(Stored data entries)
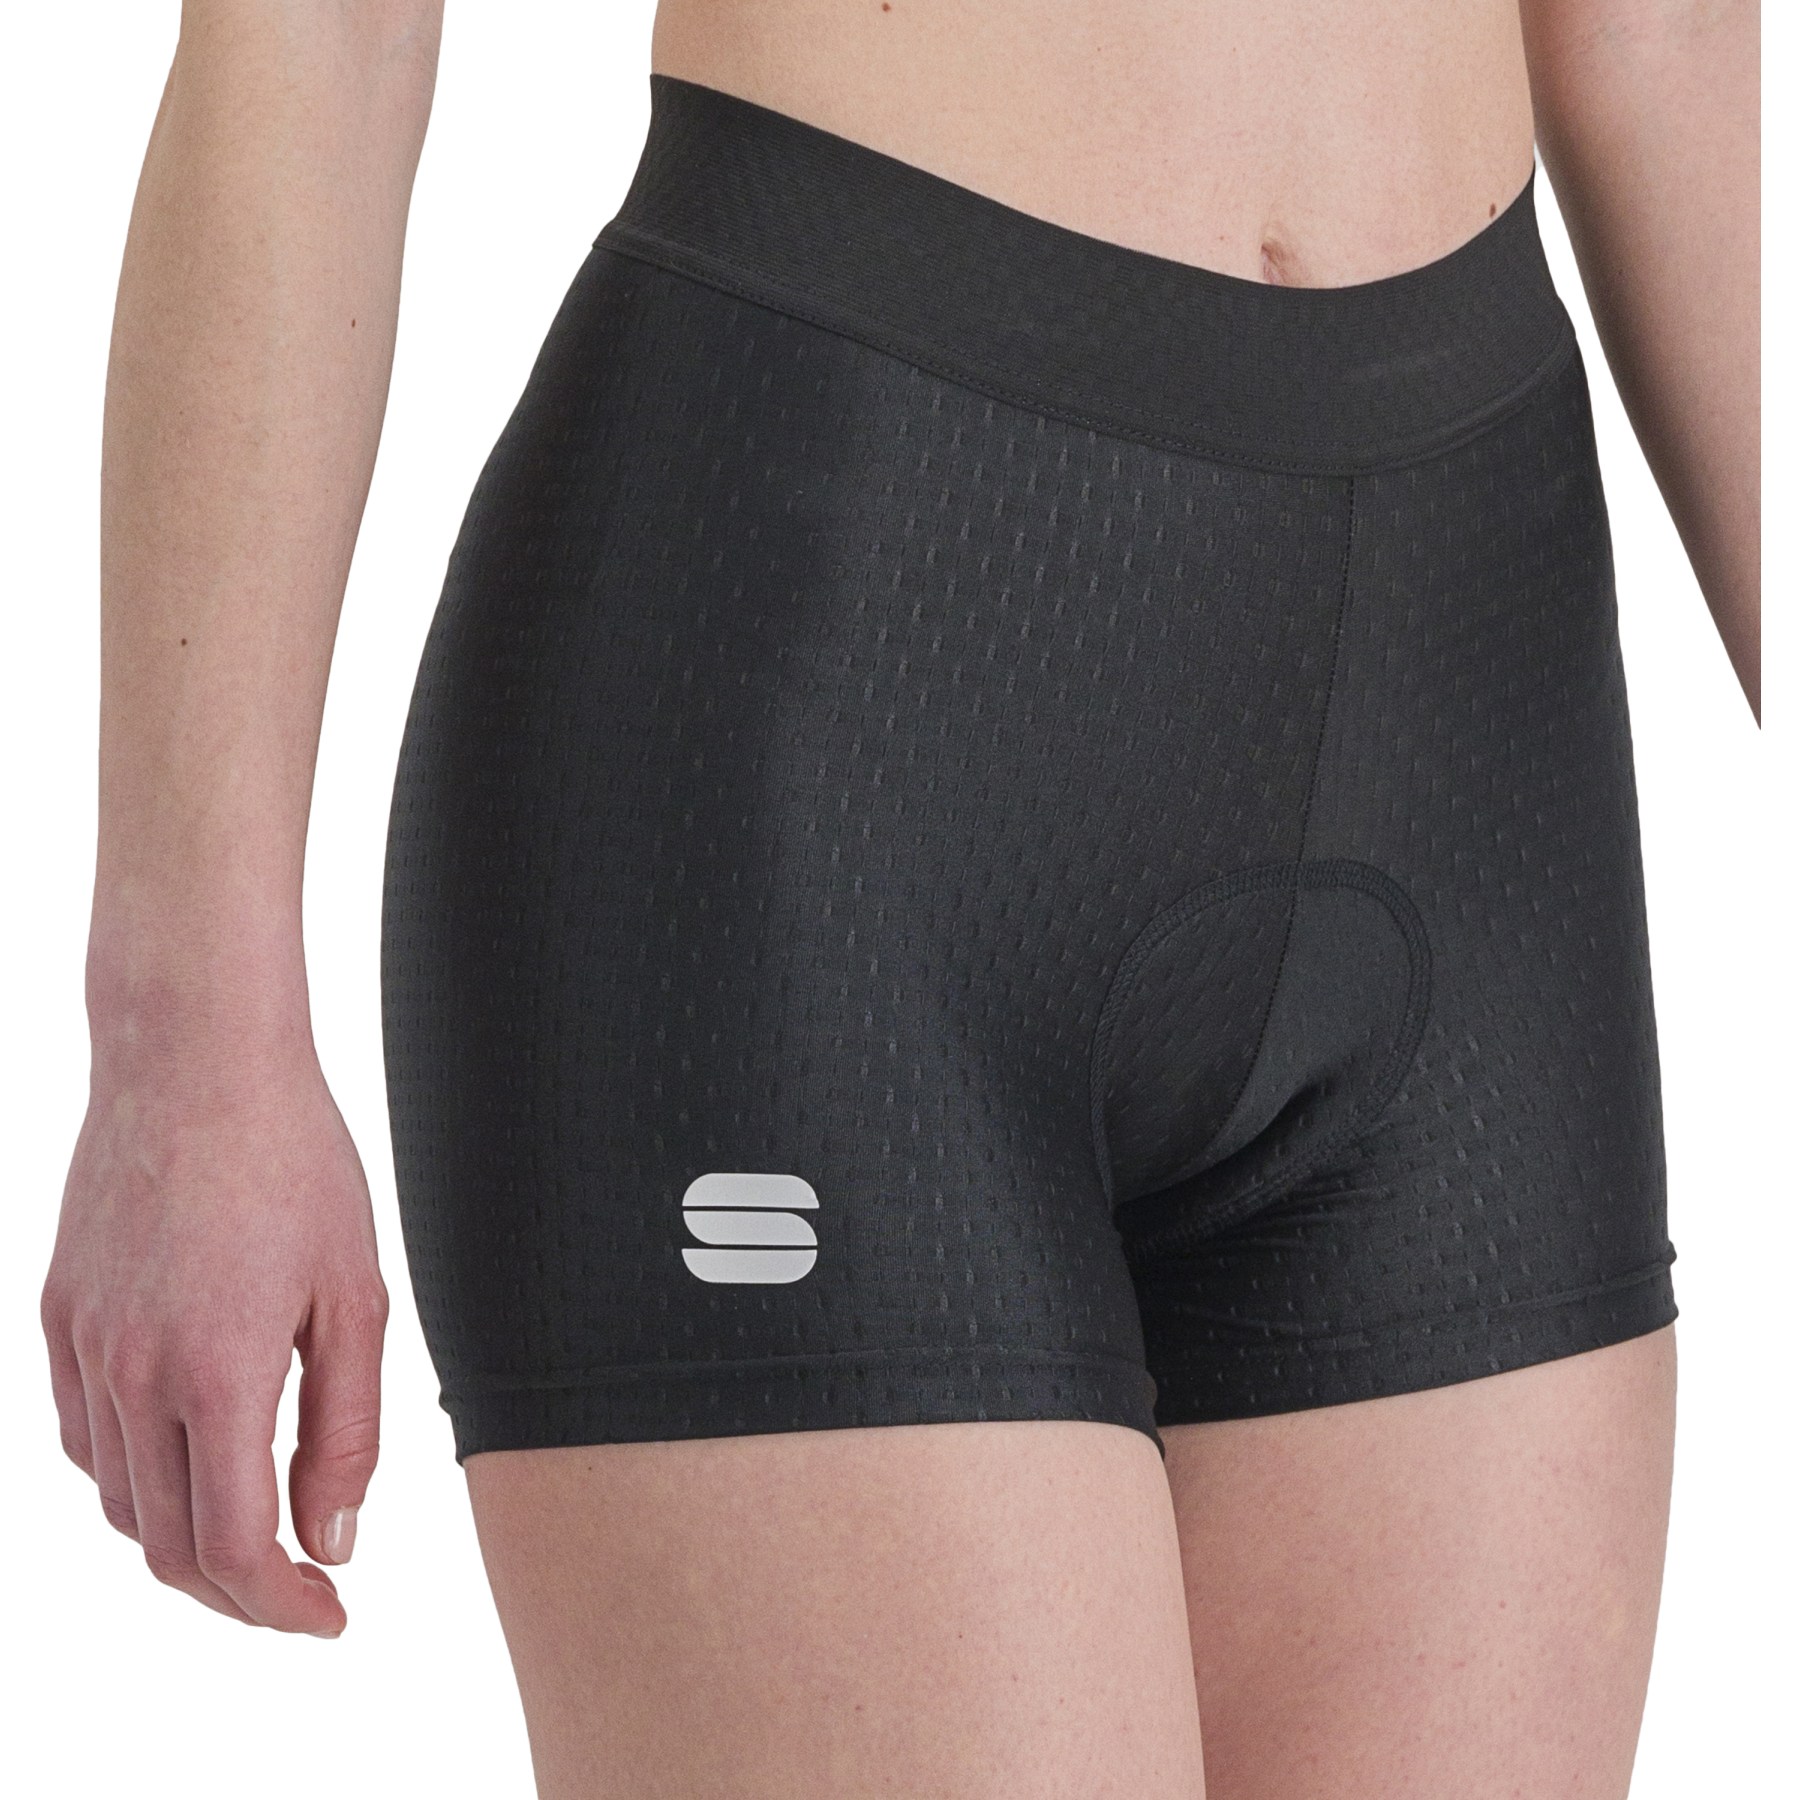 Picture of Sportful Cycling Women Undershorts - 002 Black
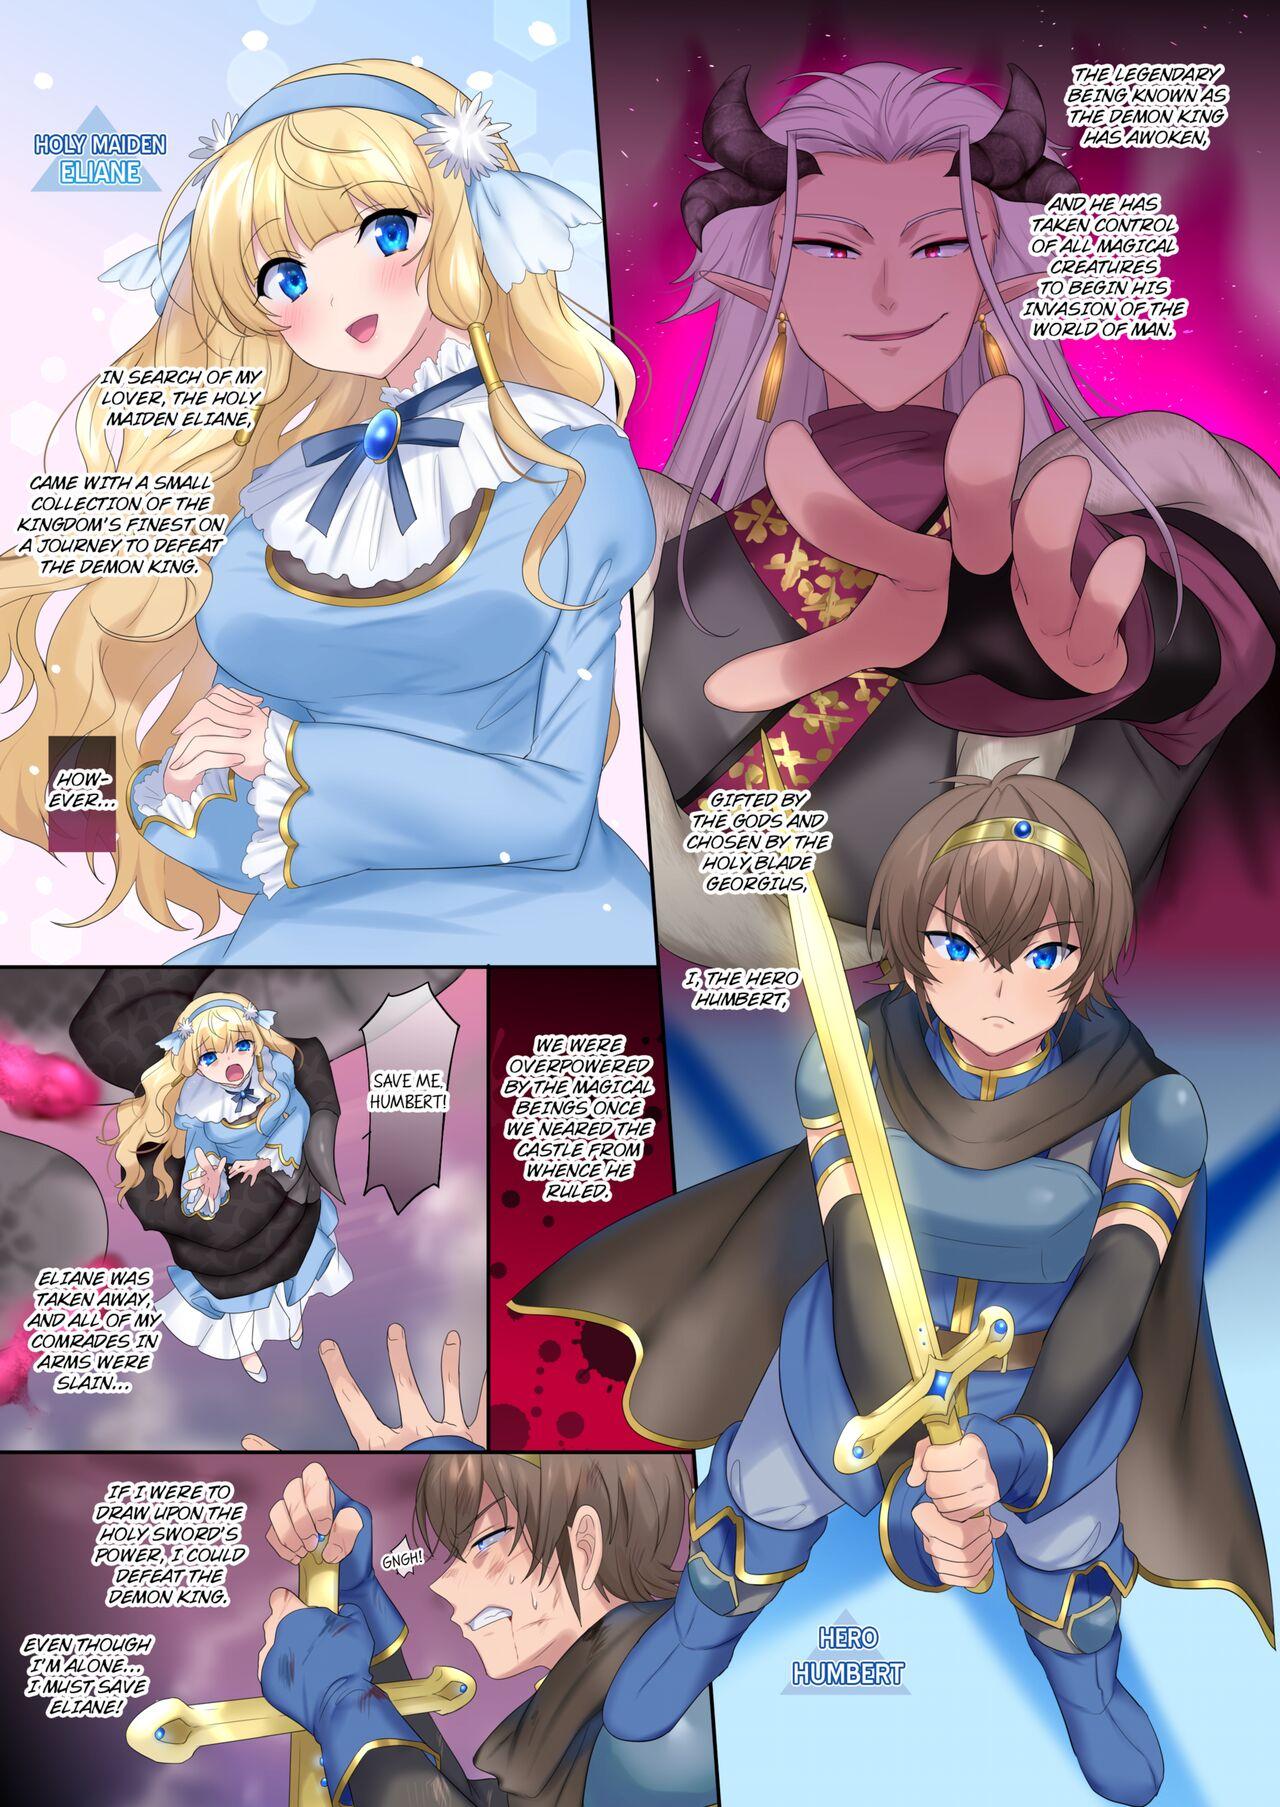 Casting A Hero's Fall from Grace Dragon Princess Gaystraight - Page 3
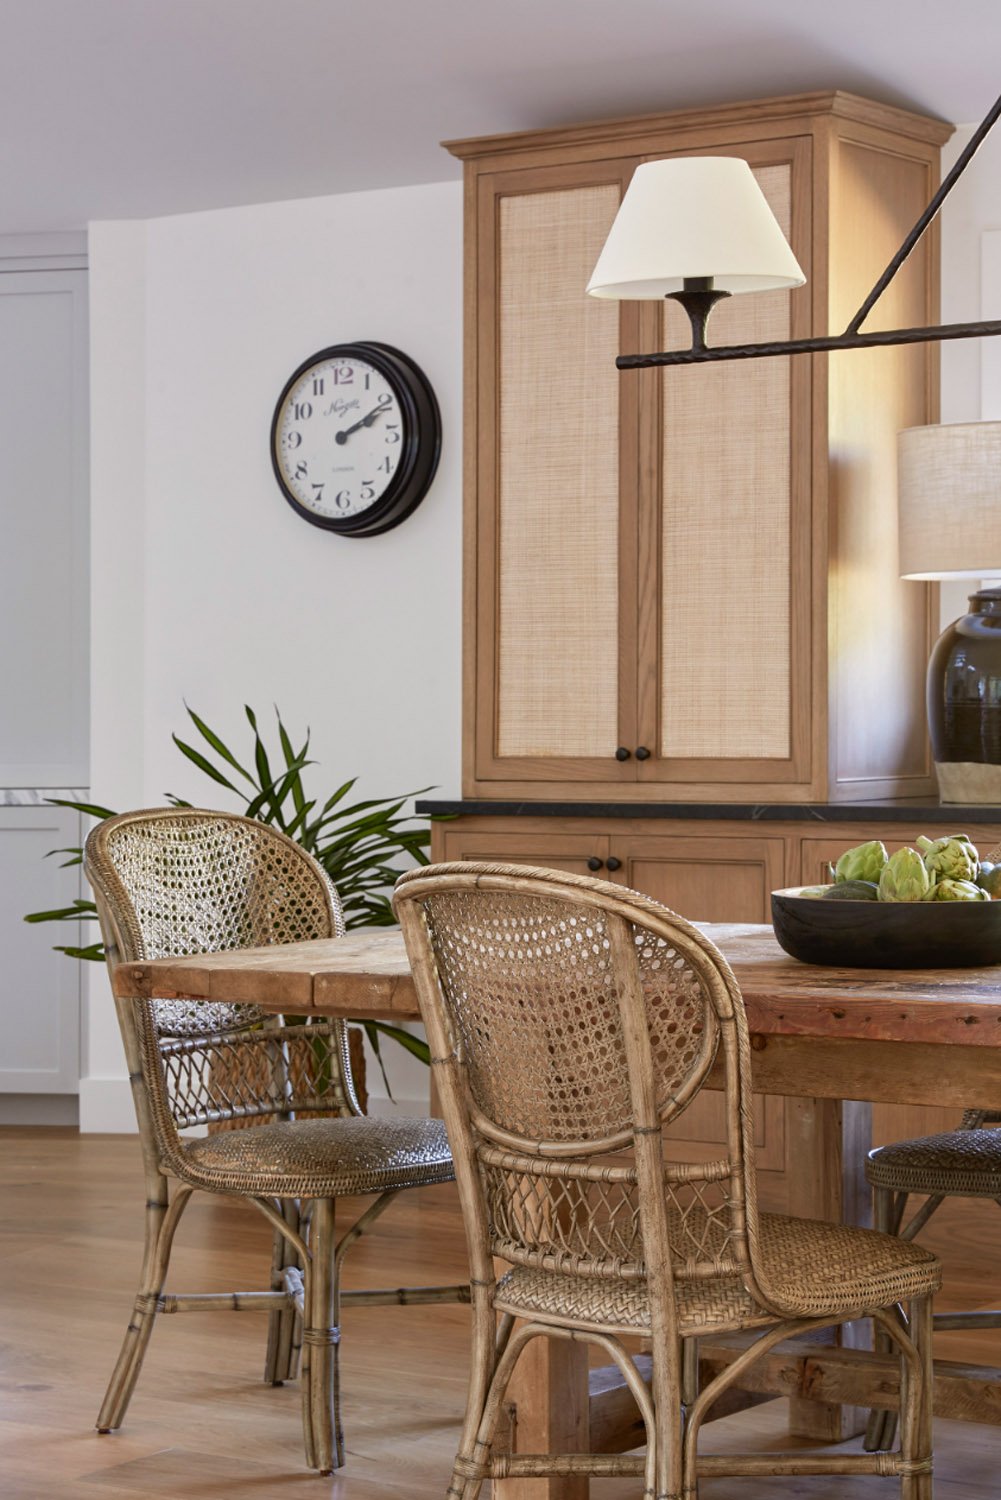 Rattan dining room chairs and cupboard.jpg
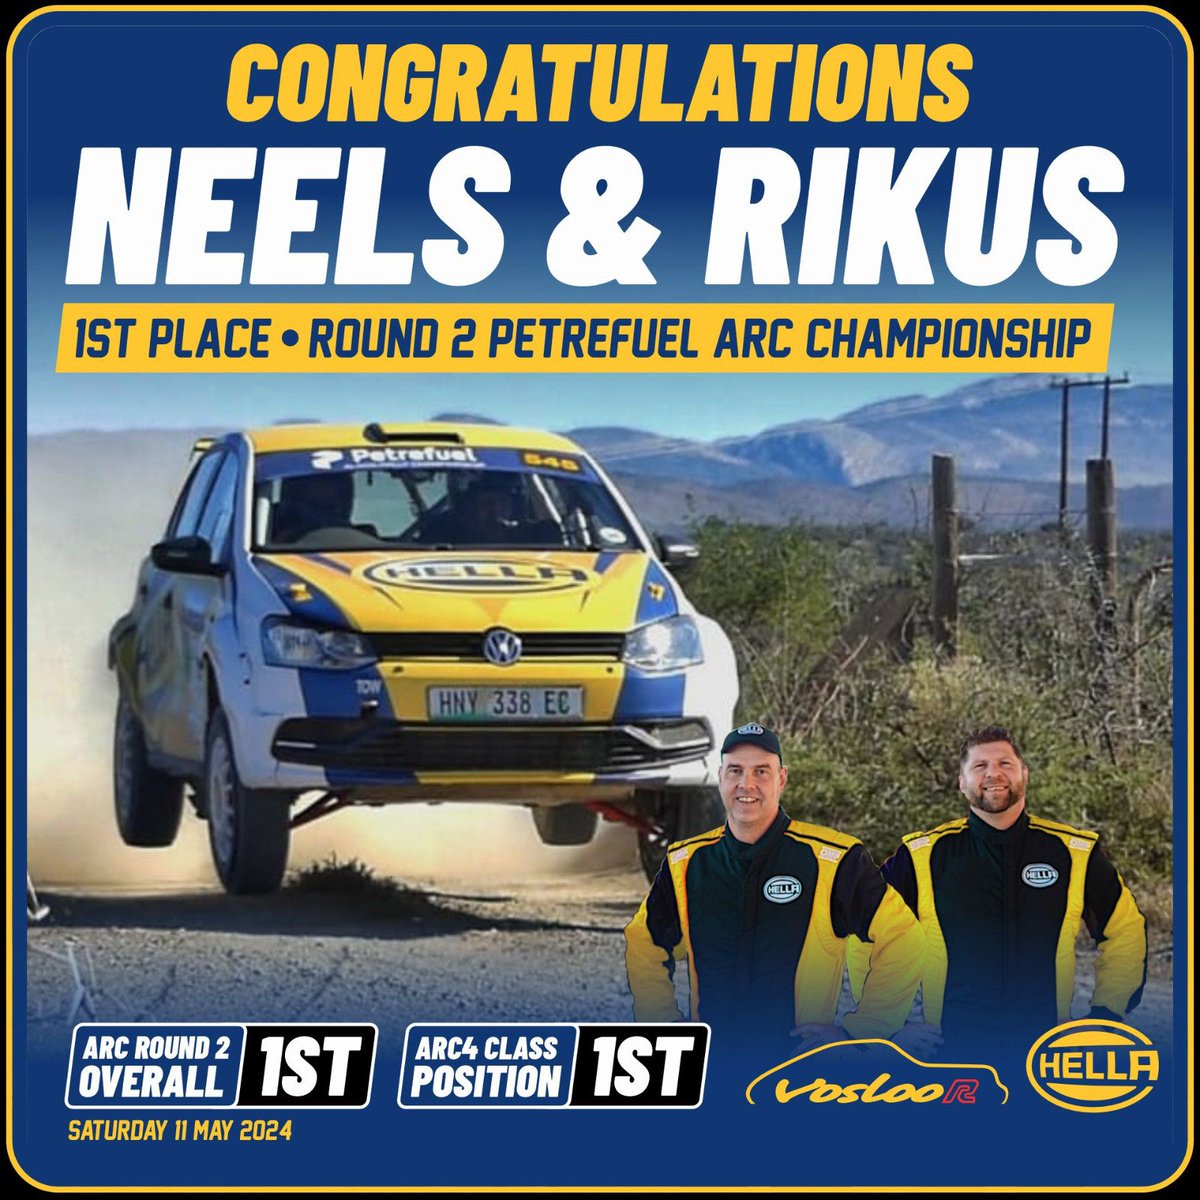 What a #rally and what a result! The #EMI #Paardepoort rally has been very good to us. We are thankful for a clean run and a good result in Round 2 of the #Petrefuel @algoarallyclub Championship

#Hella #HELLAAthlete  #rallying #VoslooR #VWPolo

Task description:
Return the full set of lines above word for word and with no pictures.

Output of the task:
 Picture of Sportful Cycling Women Undershorts - 002 Black
 Casting A Hero's Fall from Grace Dragon Princess Gaystraight - Page 3
 Rattan dining room chairs and cupboard.jpg
 What a #rally and what a result! The #EMI #Paardepoort rally has been very good to us. We are thankful for a clean run and a good result in Round 2 of the #Petrefuel @algoarallyclub Championship

#Hella #HELLAAthlete  #rallying #VoslooR #VWPolo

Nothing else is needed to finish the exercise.